I would like to make some comments about today's announcement by NASA.

This is the product of years of exploration, and months of intensive study by some of the world's most distinguished scientists. Like all discoveries, this one will and should continue to be reviewed, examined and scrutinized. It must be confirmed by other scientists. But clearly the fact that something of this magnitude is being explored is another vindication of American's space program, and our continuing support for it, even in these tough financial times.

I am determined that the American space program will put its full intellectual power and technological prowess behind the search for further evidence of life on Mars. First, I have asked Administrator Goldin to ensure that this finding is subject to a methodical process of further peer review and validation. Second, I have asked the Vice-President to convene at the White House, before the end of the year, a bi- partisan space summit on the future of American's space program. The significant purpose of this summit will be to discuss how America should pursue answers to the scientific questions raised by this finding. Third, we are committed to the aggressive plan we have put in place for robotic exploration of Mars. America's next unmanned mission to Mars is scheduled to lift off from the Kennedy Space Center in November. It will be followed by a second mission in December. I should tell you that the first mission is scheduled to land on Mars, on July 4, 1997--Independence Day.

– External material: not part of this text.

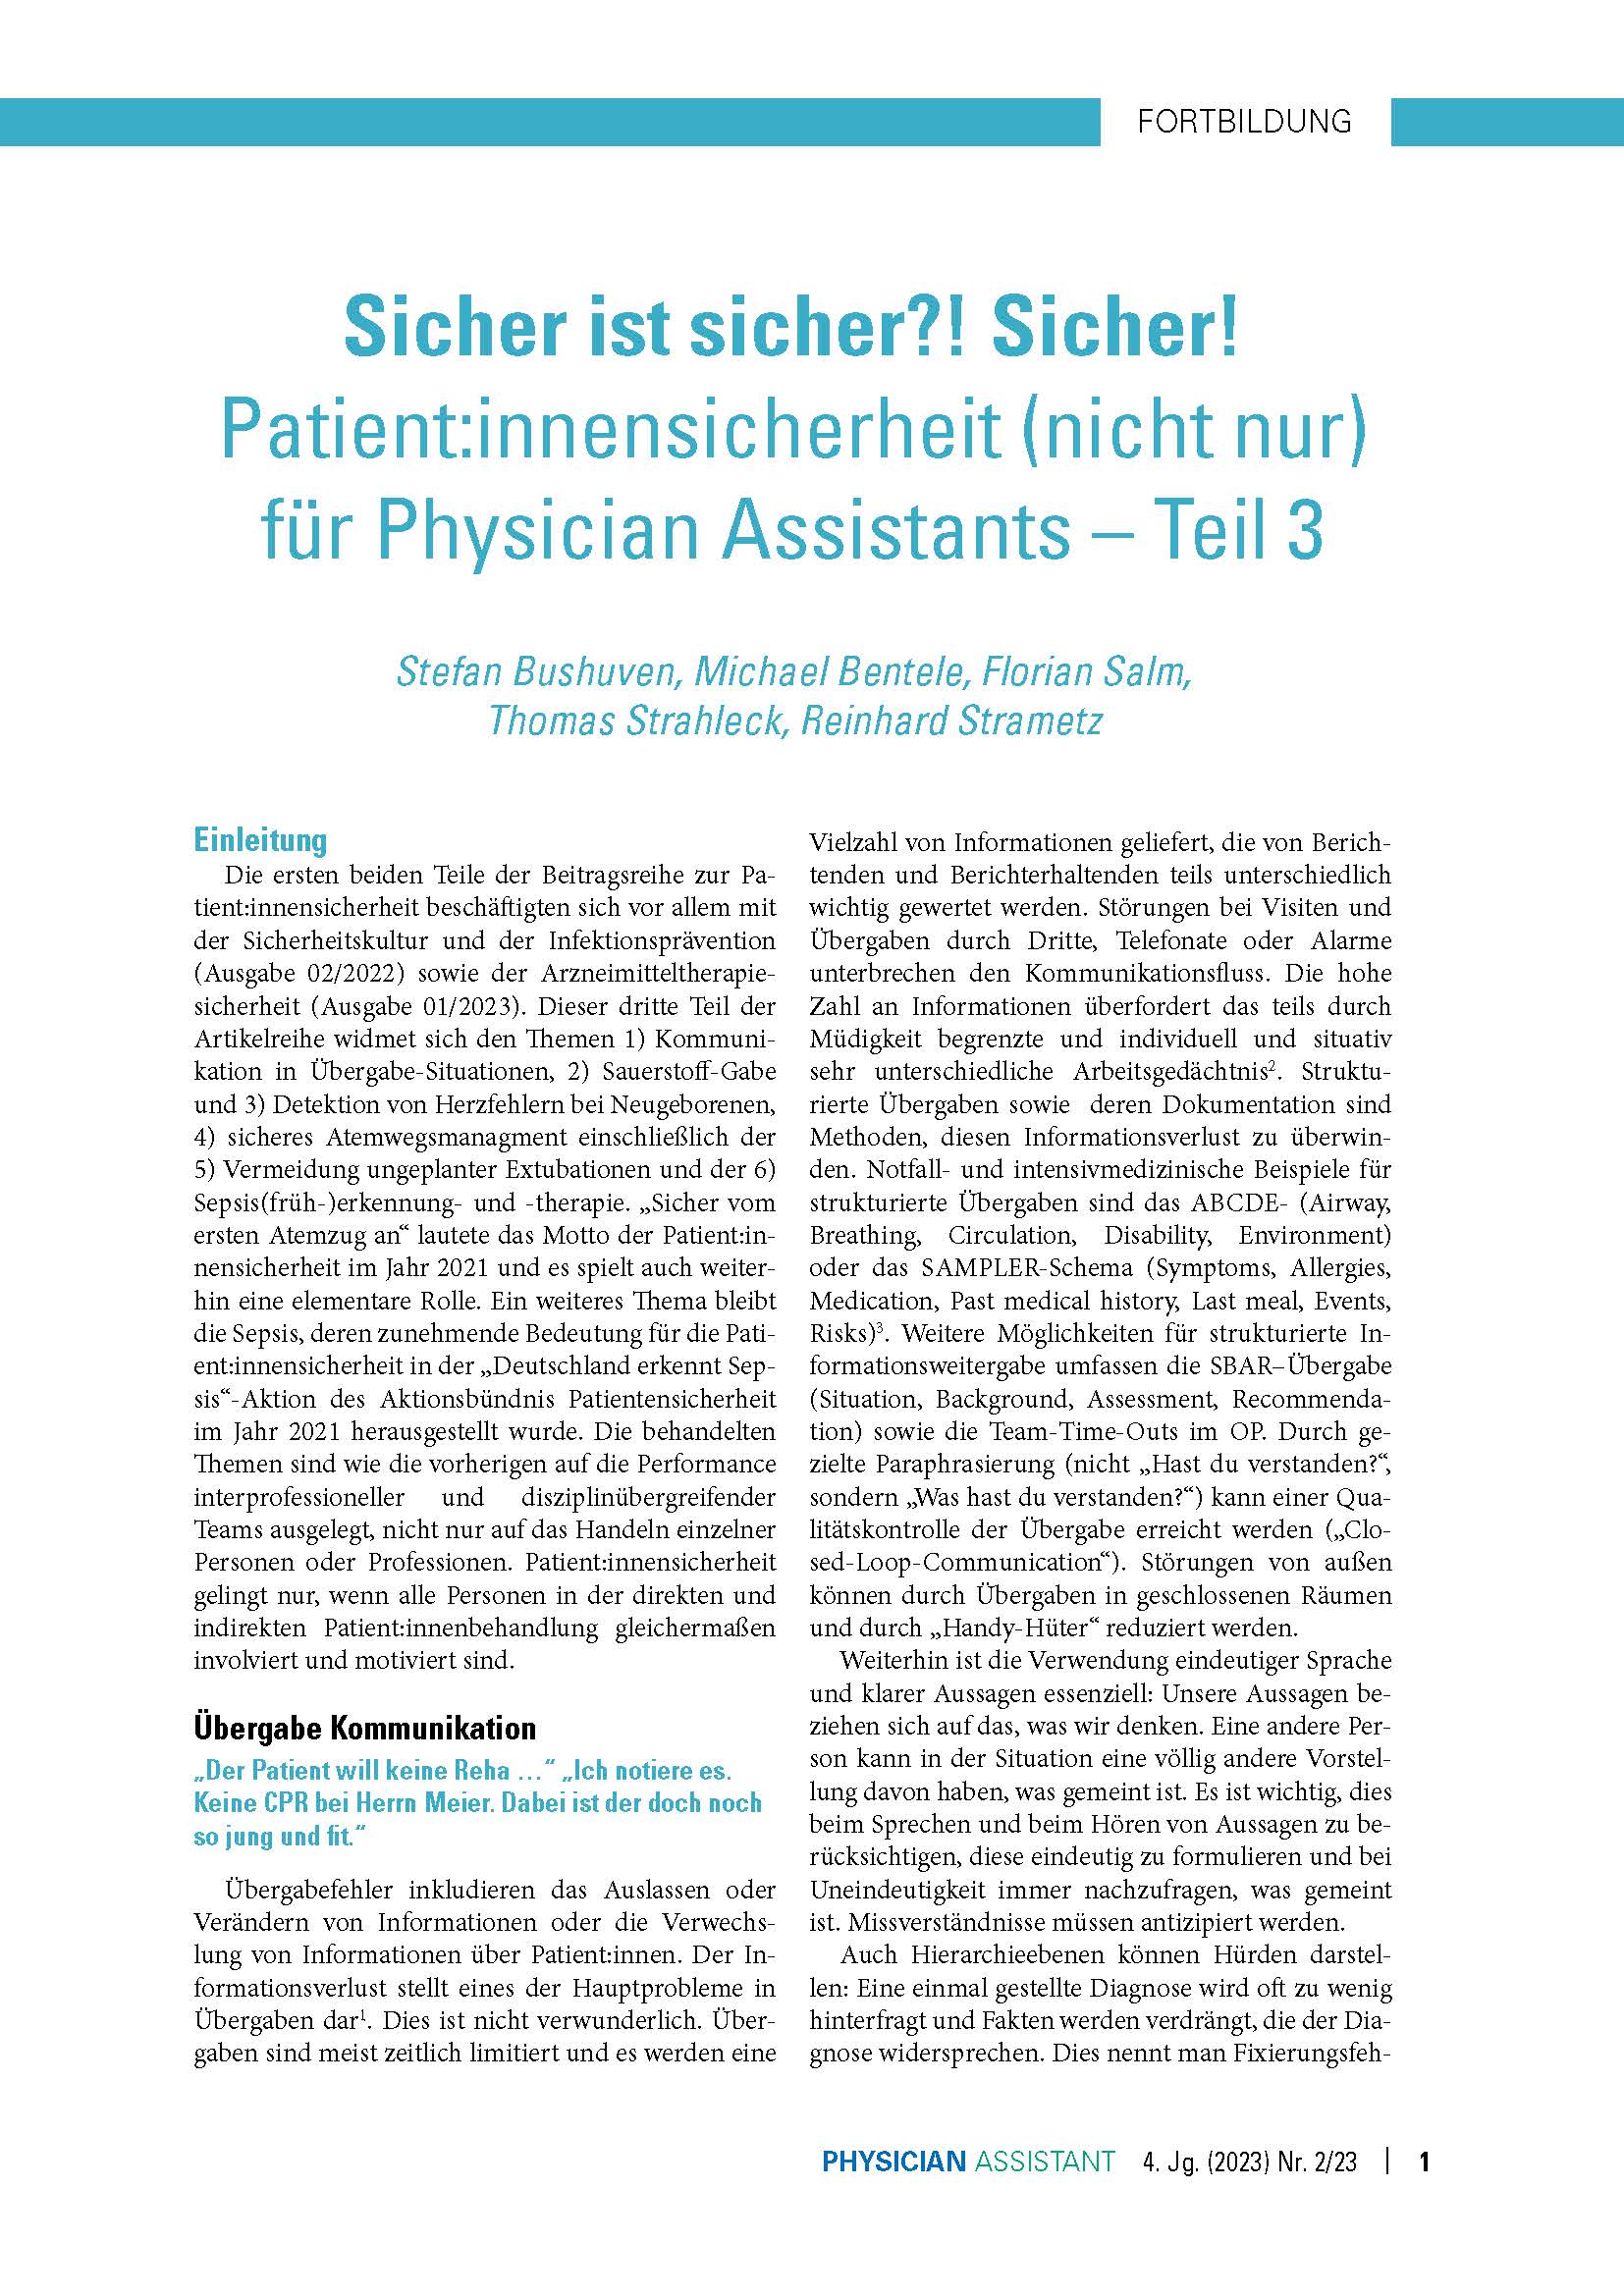 online only Patient:innensicherheit, Teil 3

It is well worth contemplating how we reached this moment of discovery. More than 4 billion years ago this piece of rock was formed as a part of the original crust of Mars. After billions of years it broke from the surface and began a 16 million year journey through space that would end here on Earth. It arrived in a meteor shower 13,000 years ago. Then in 1984, an American scientist on an annual U.S. Government mission to search for meteors on Antarctica, picked it up and took it to be studied. Appropriately, it was the first rock to be picked up that year (rock No. 84001). Today, rock 84001 speaks to us across all those billions of years and millions of miles. It speaks of the possibility of life. If this discovery is confirmed it will surely be one of the most stunning insights into our universe that science has ever uncovered. Its implications are as far-reaching and awe-inspiring as can be imagined. Even as it promises answers to some of our oldest questions it poses still others even more fundamental. We will continue to listen closely to what it has to say, as we continue the search for answers and for knowledge that is as old as the humanity itself but essential to our people's future.